▼

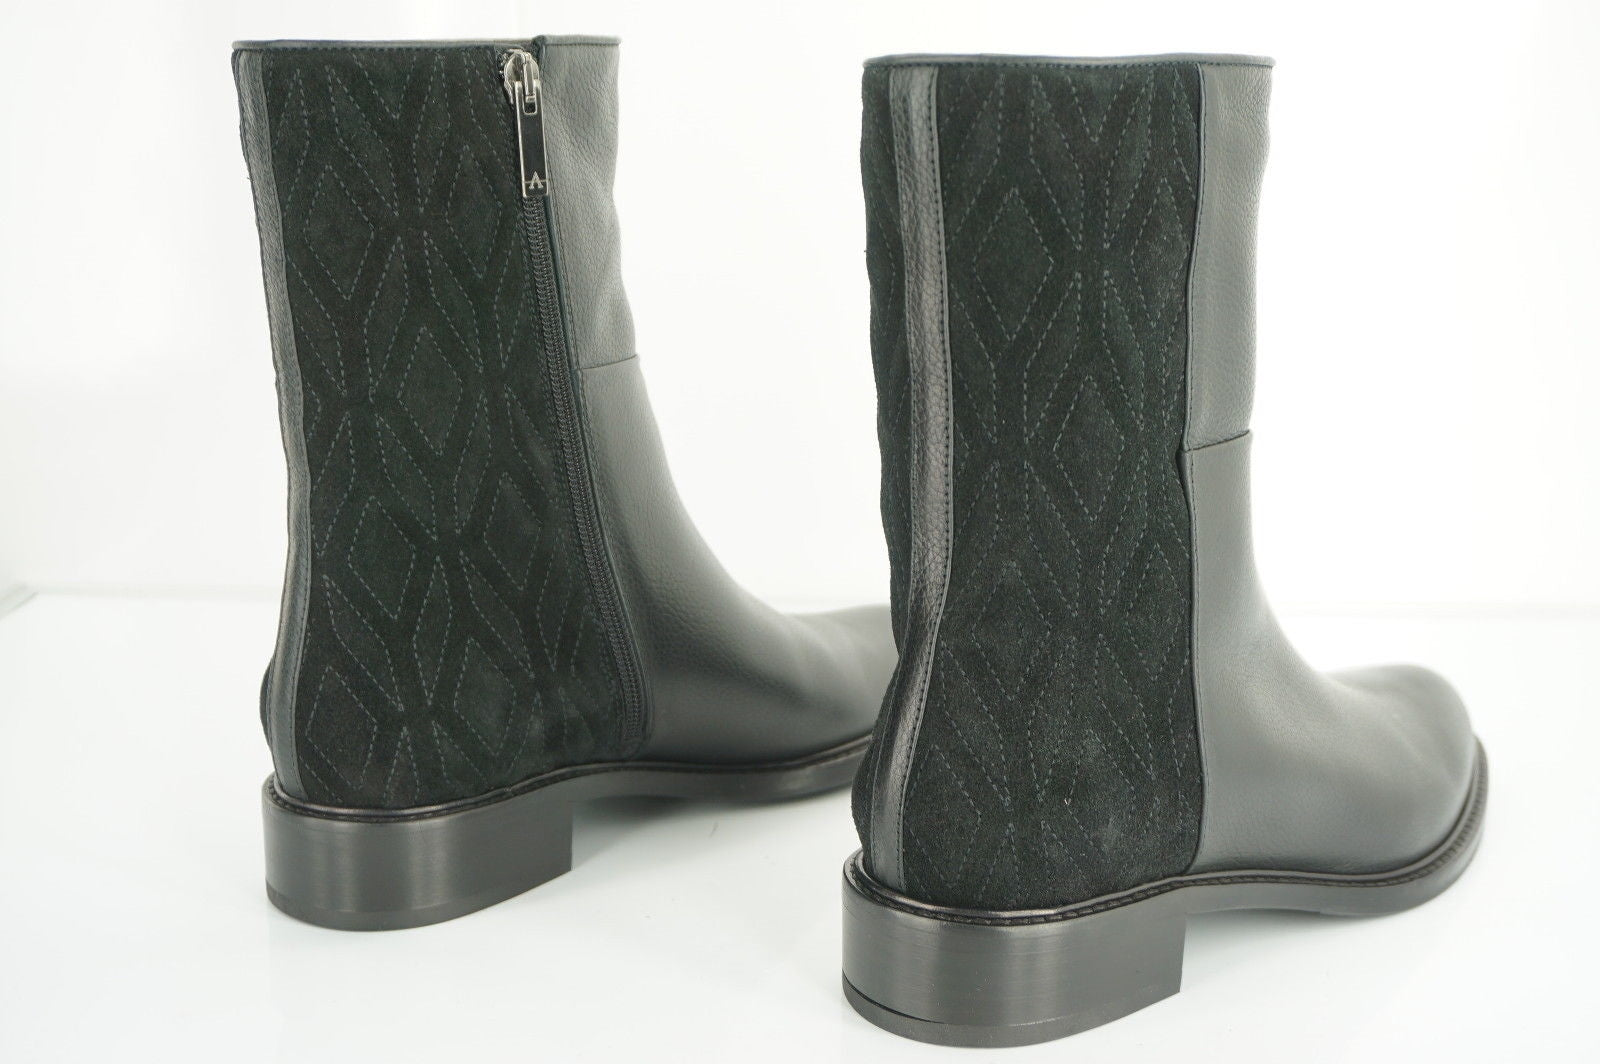 Aquatalia Black Suede Back Leather Gabrina Biker Ankle Boots Size 36.5 New $595
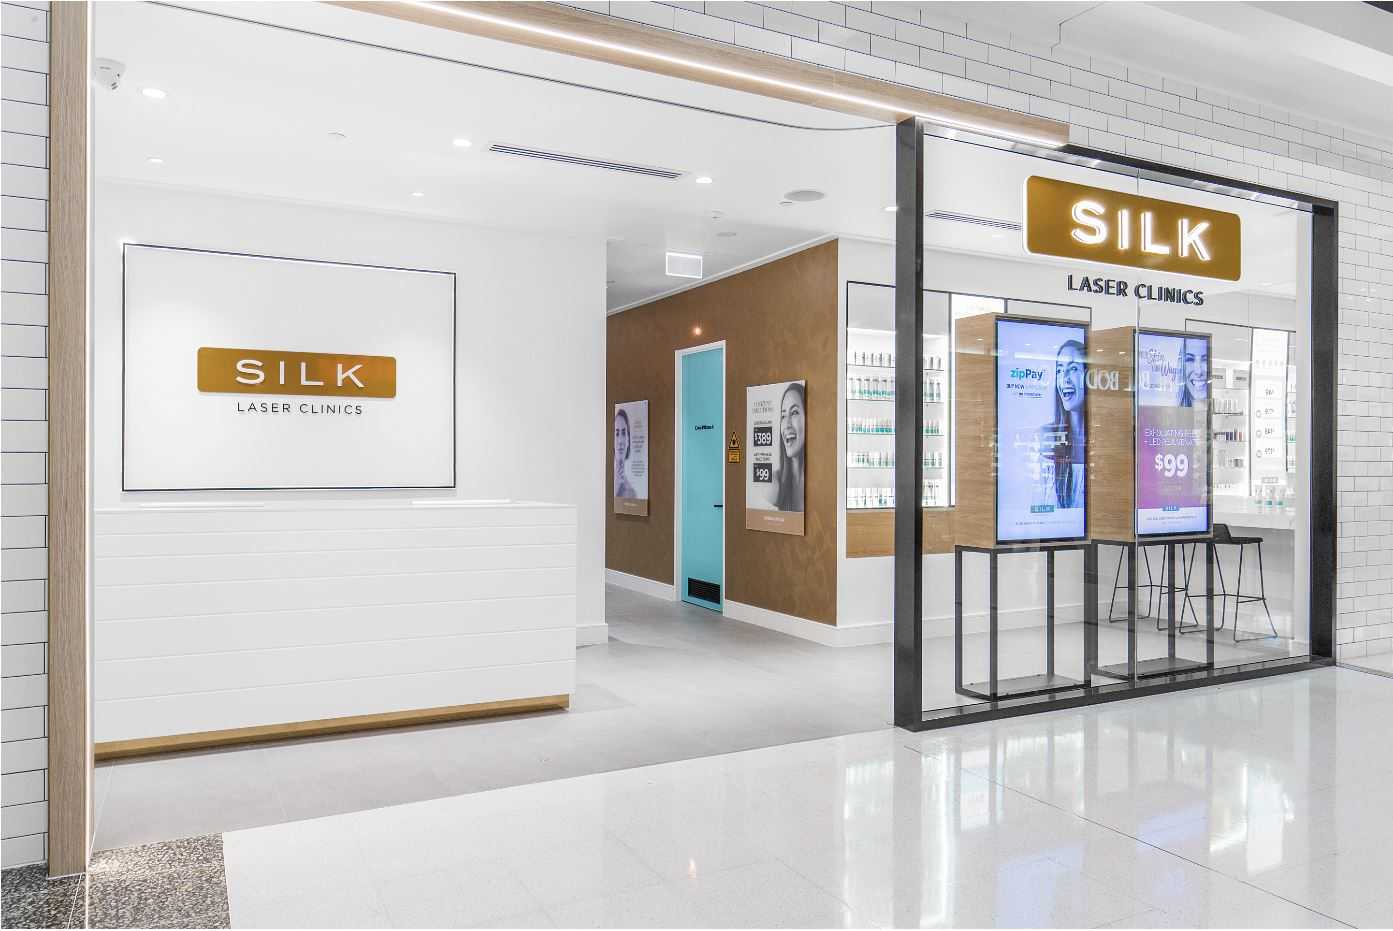 Silk-Laser-Clinics-Rockhampton
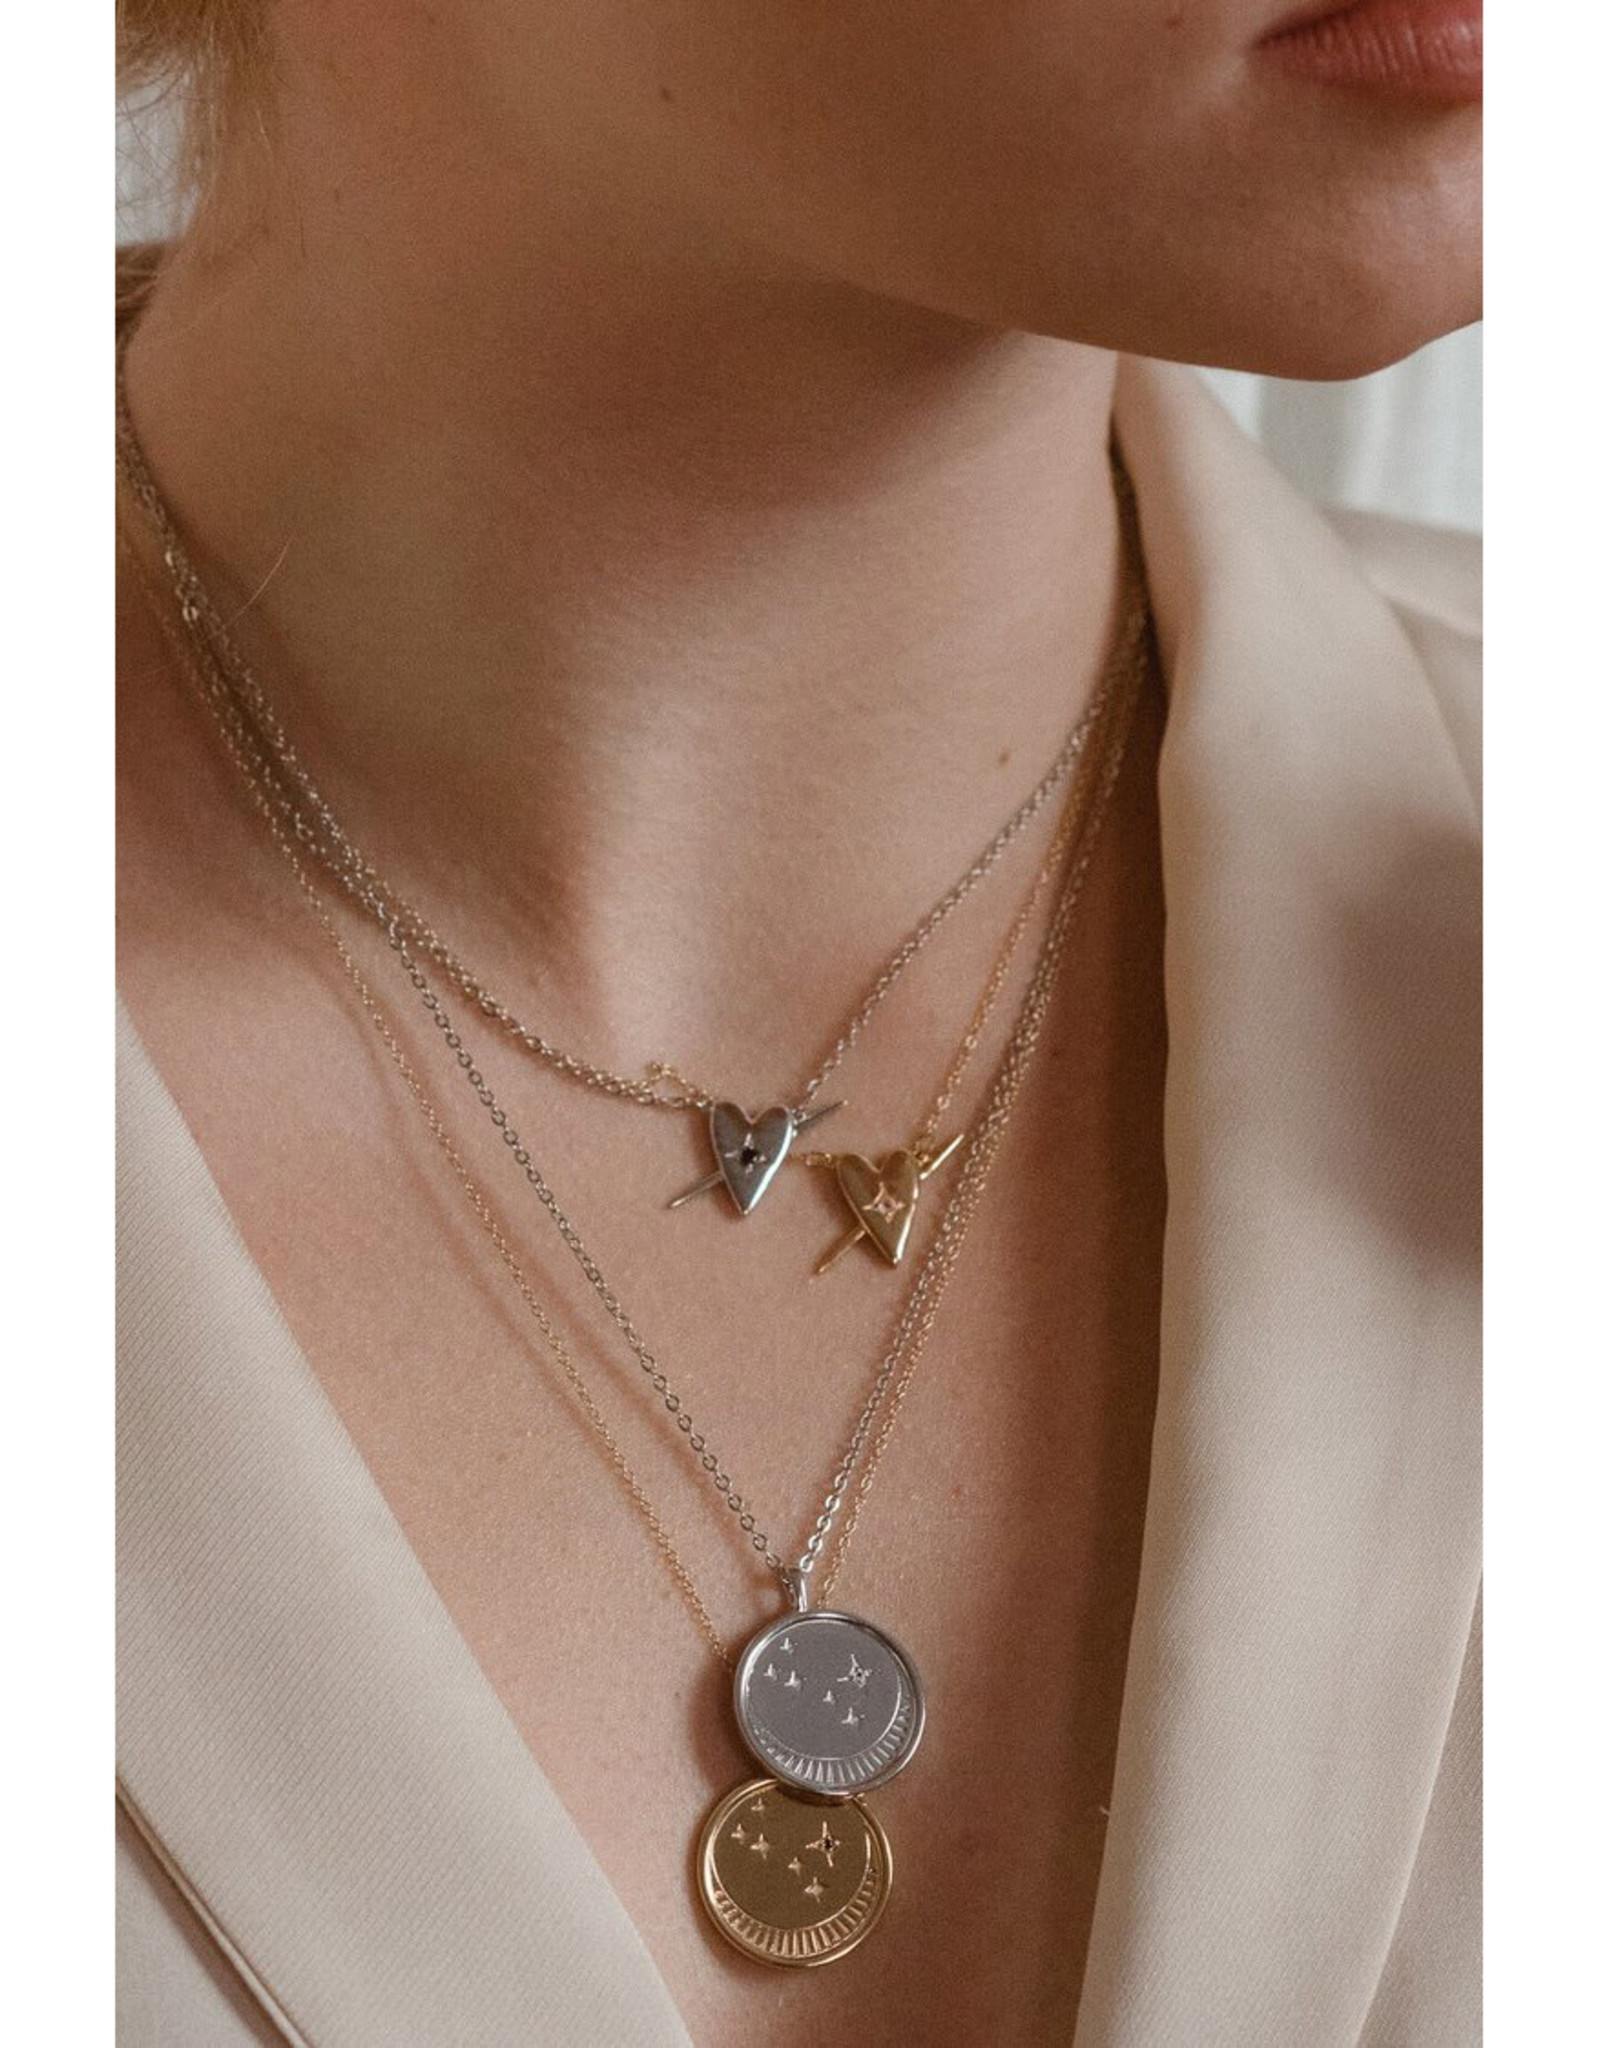 Sarah Mulder Jewelry Silver Franz Necklace - Onyx
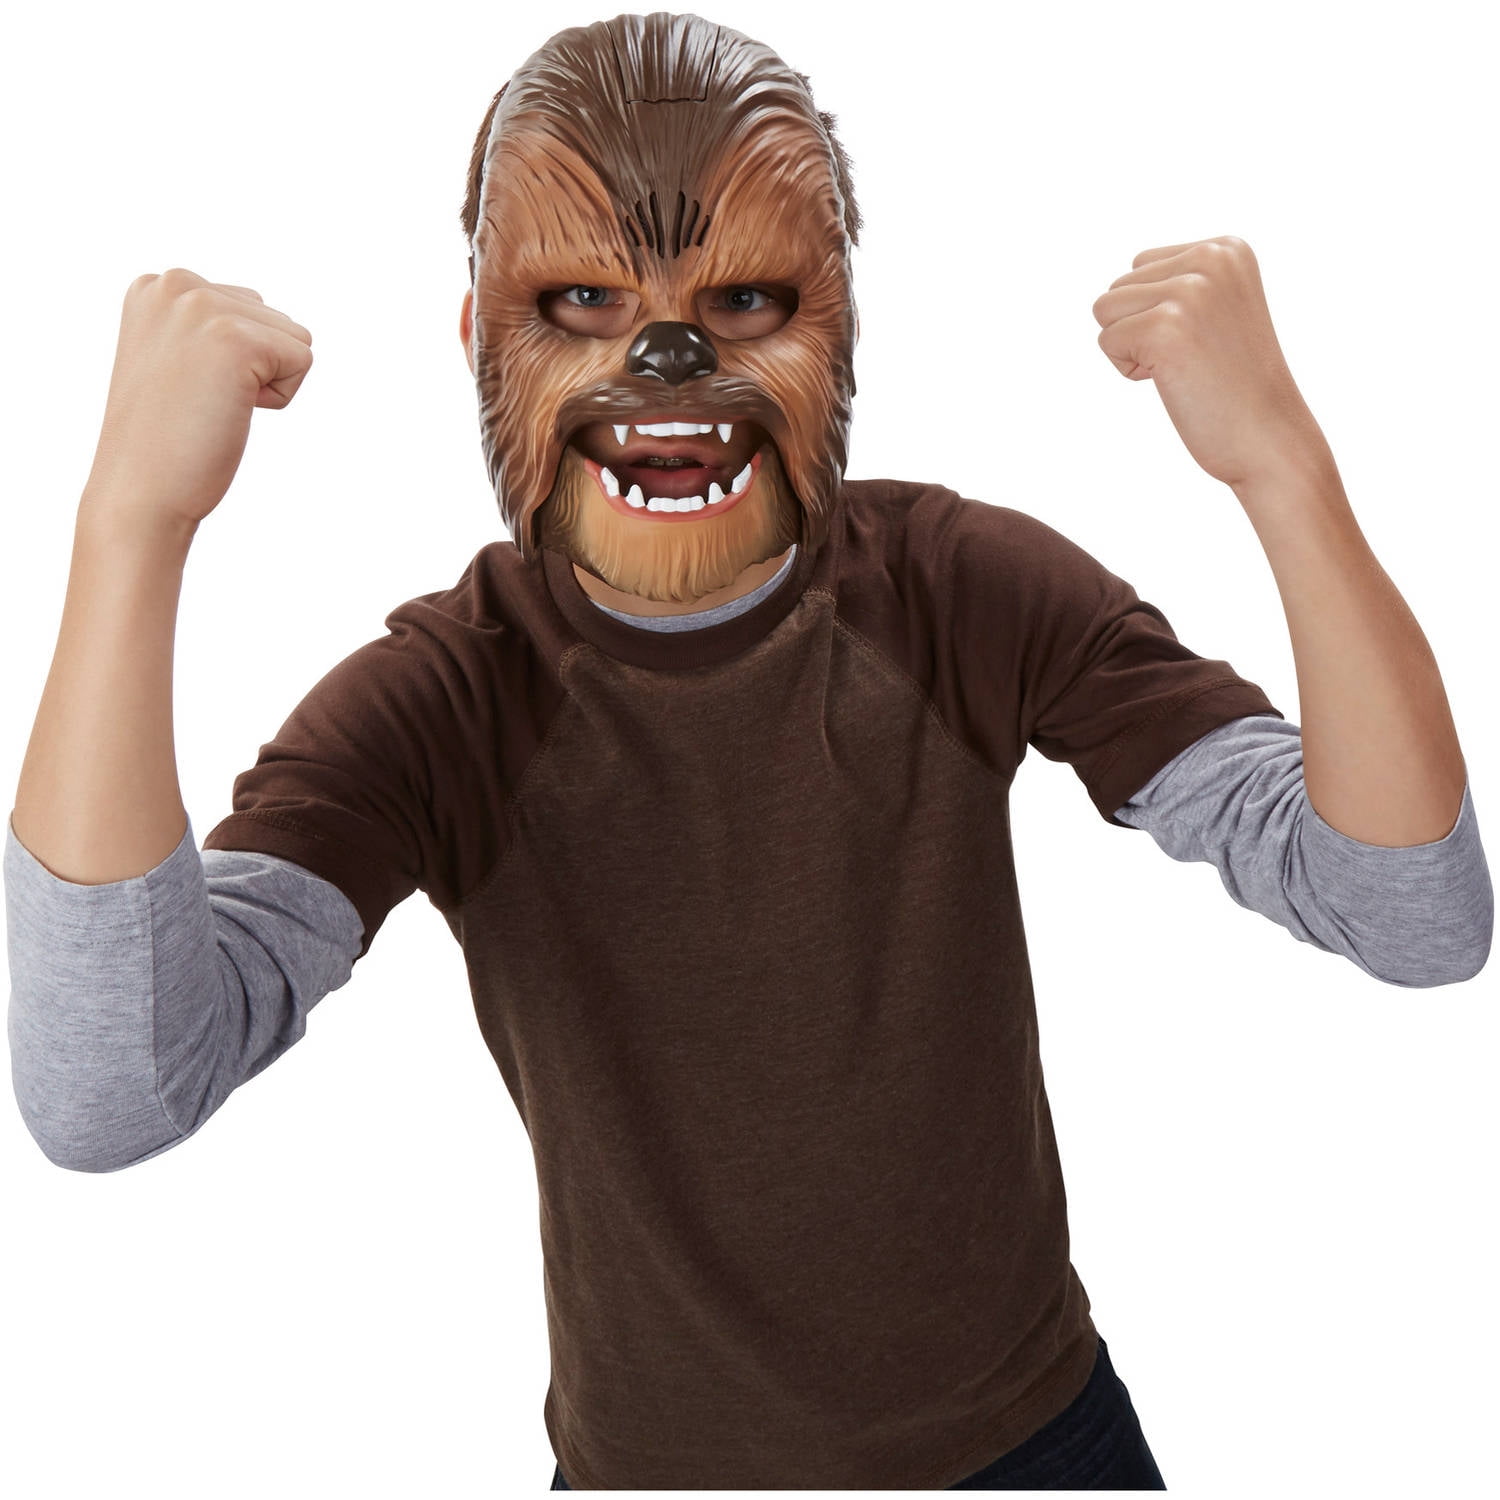 Wars The Force Awakens Chewbacca Electronic - Walmart.com

▲

What you have to do: Restate the listing word for word, pictures omitted.

Solution to the exercise:
 Aquatalia Black Suede Back Leather Gabrina Biker Ankle Boots Size 36.5 New $595
 Silk-Laser-Clinics-Rockhampton
 Sarah Mulder Jewelry Silver Franz Necklace - Onyx
 Wars The Force Awakens Chewbacca Electronic - Walmart.com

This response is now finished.